## COLLECTED MATERIAL
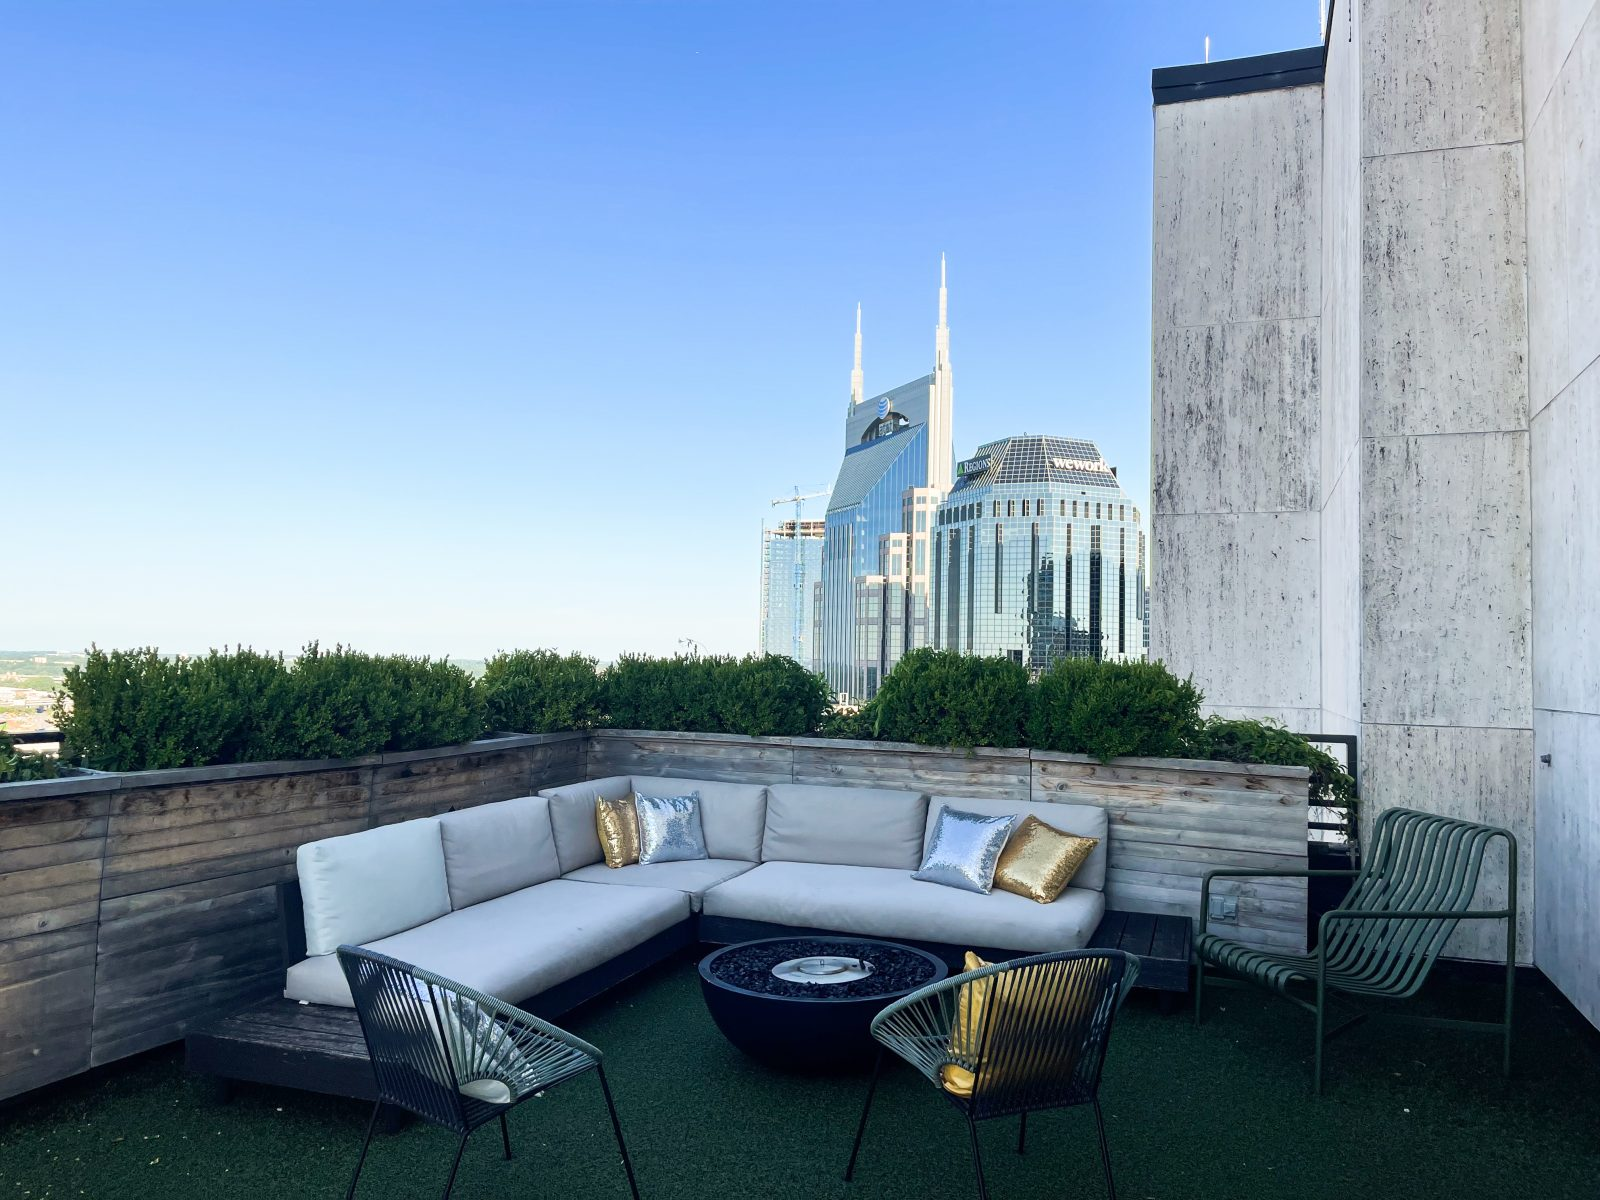 Fairlane Hotel rooftop lounge in Nashville, TN
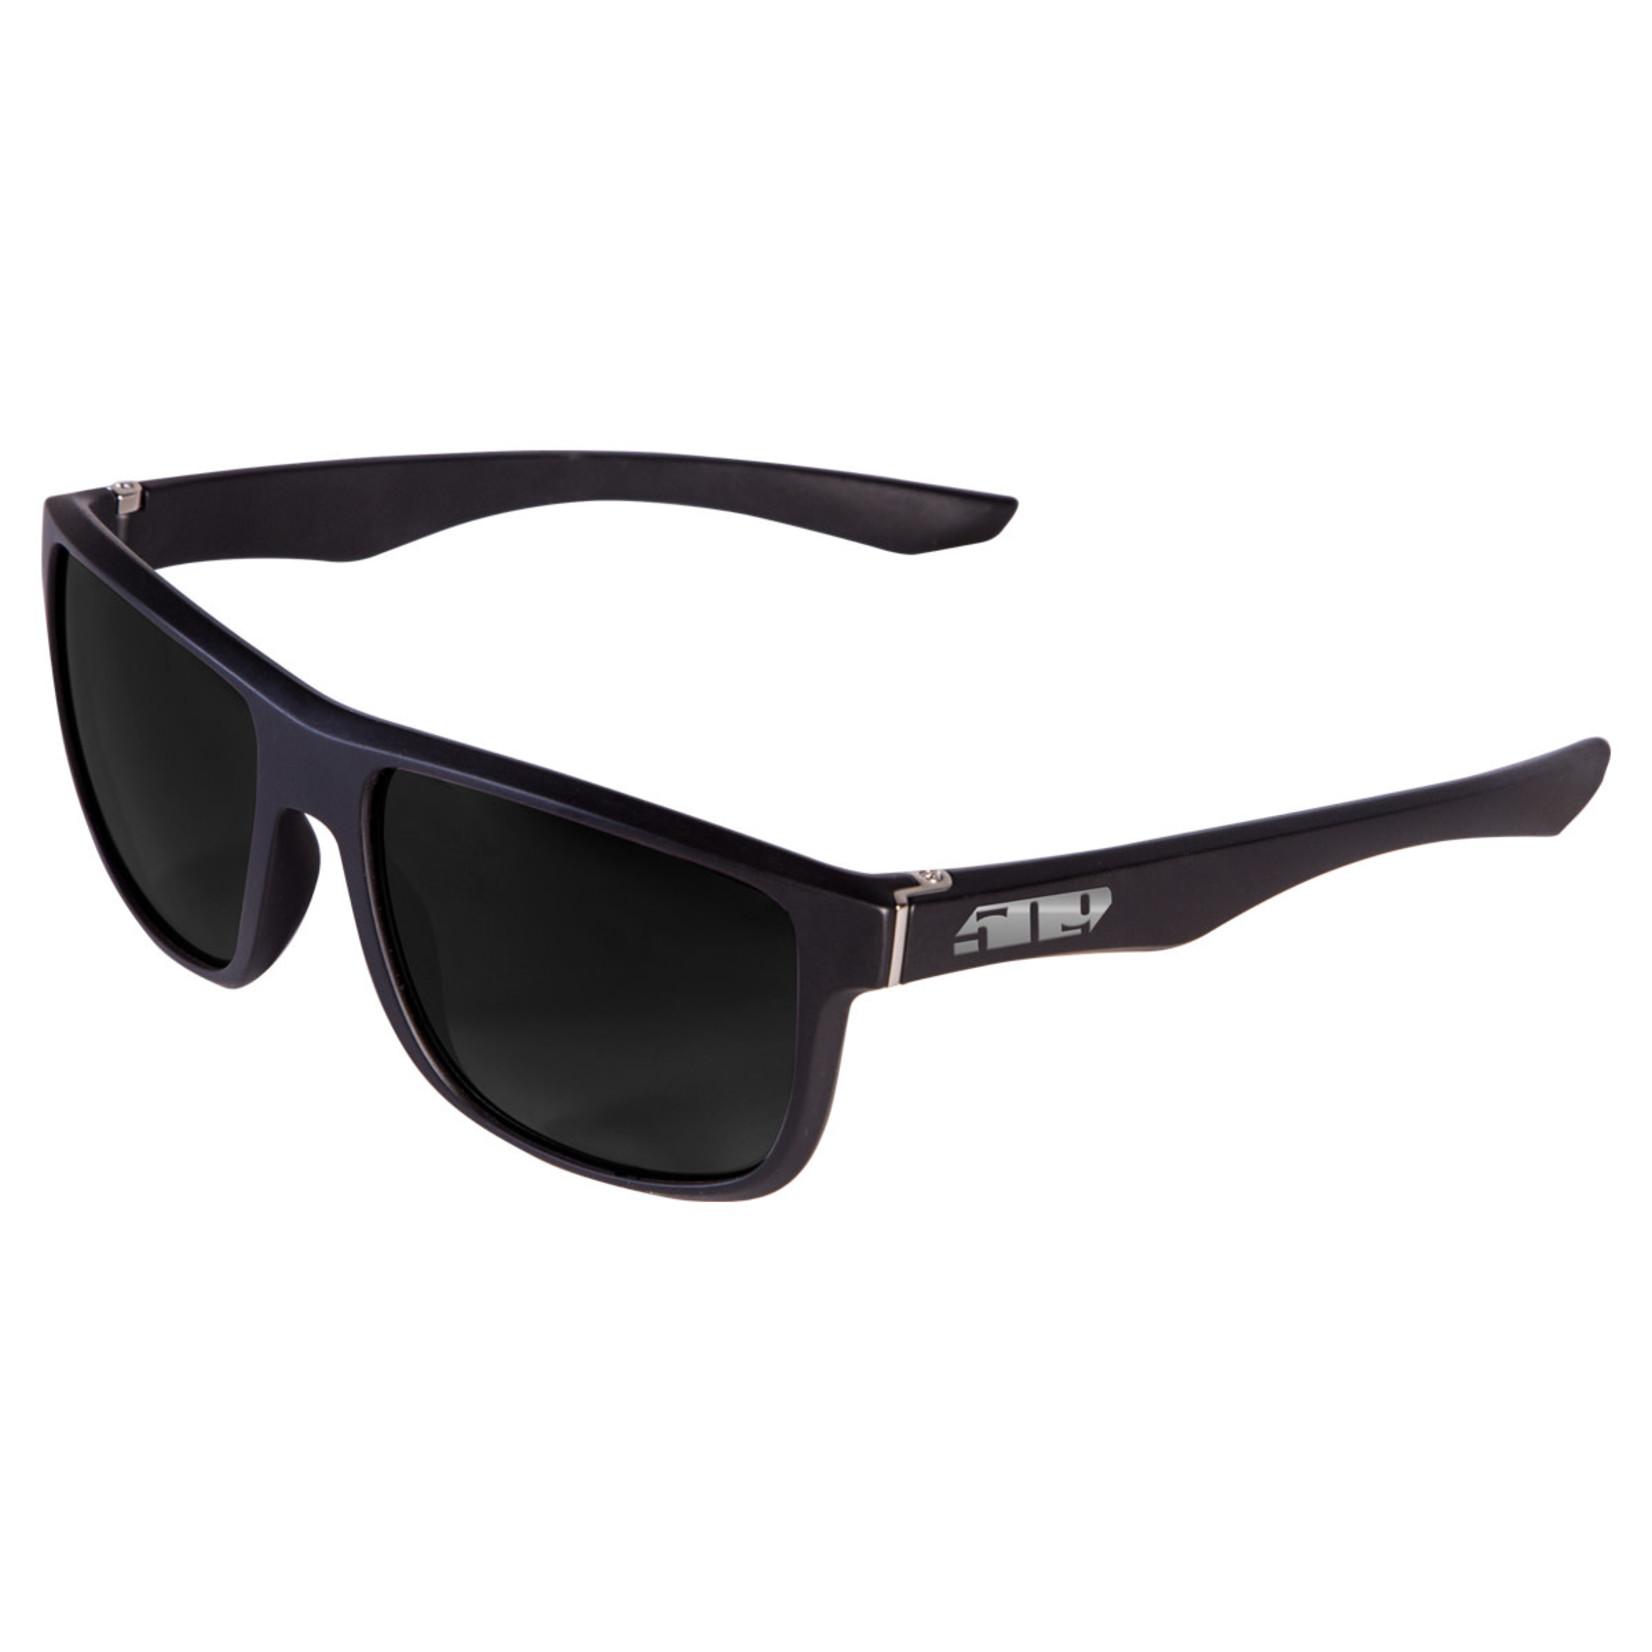 509 Riverside Sunglasses - Matte Black (Polarized Smoke Tint)
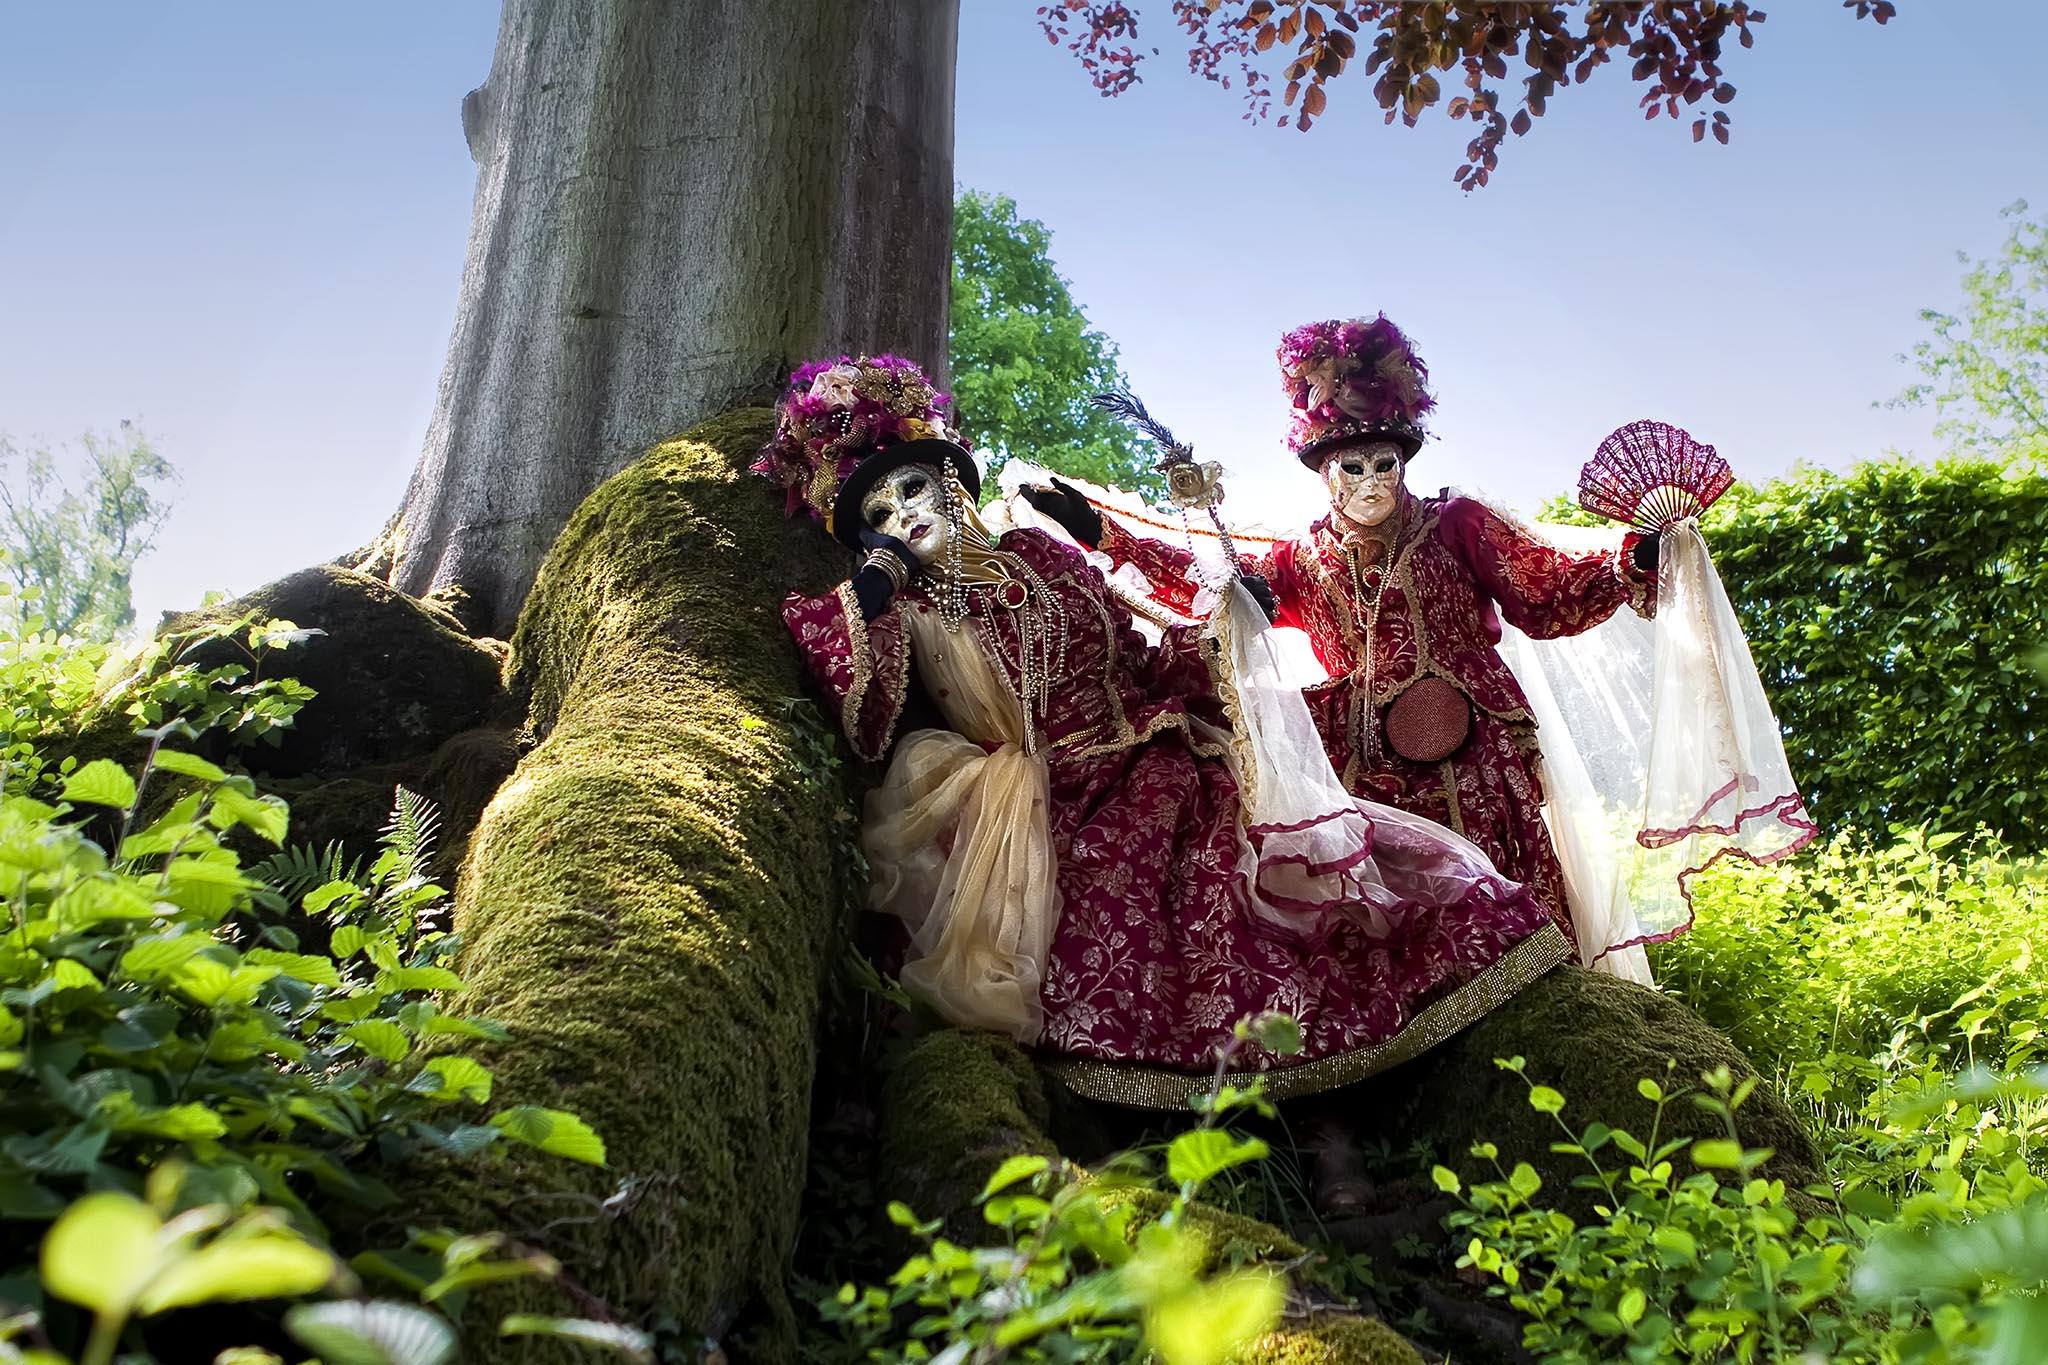 Melinda Isachsen JANIS Photography & Fine Art Annevoie Belgium
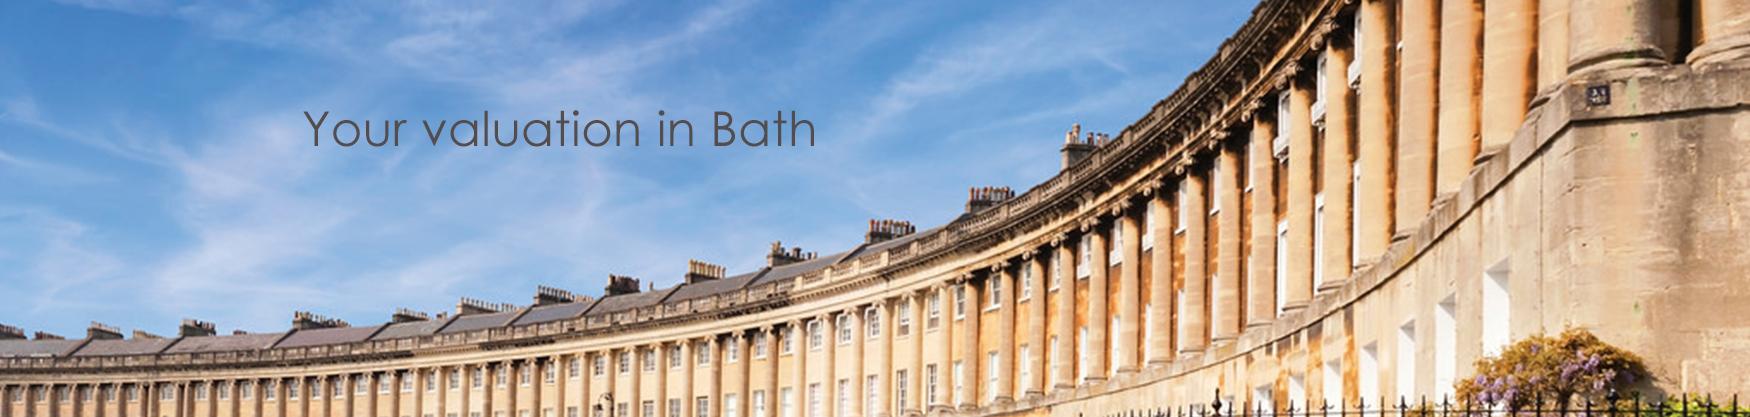 estate agents bath somerset, lettings agents bath somerset

## REQUIRED ACTION
Using the listing above, copy every line from the line containing "Melinda Isachsen JANIS" through the last one, both included, and no other lines. Pictures stay out.

## RESPONSE AREA
 Melinda Isachsen JANIS Photography & Fine Art Annevoie Belgium
 estate agents bath somerset, lettings agents bath somerset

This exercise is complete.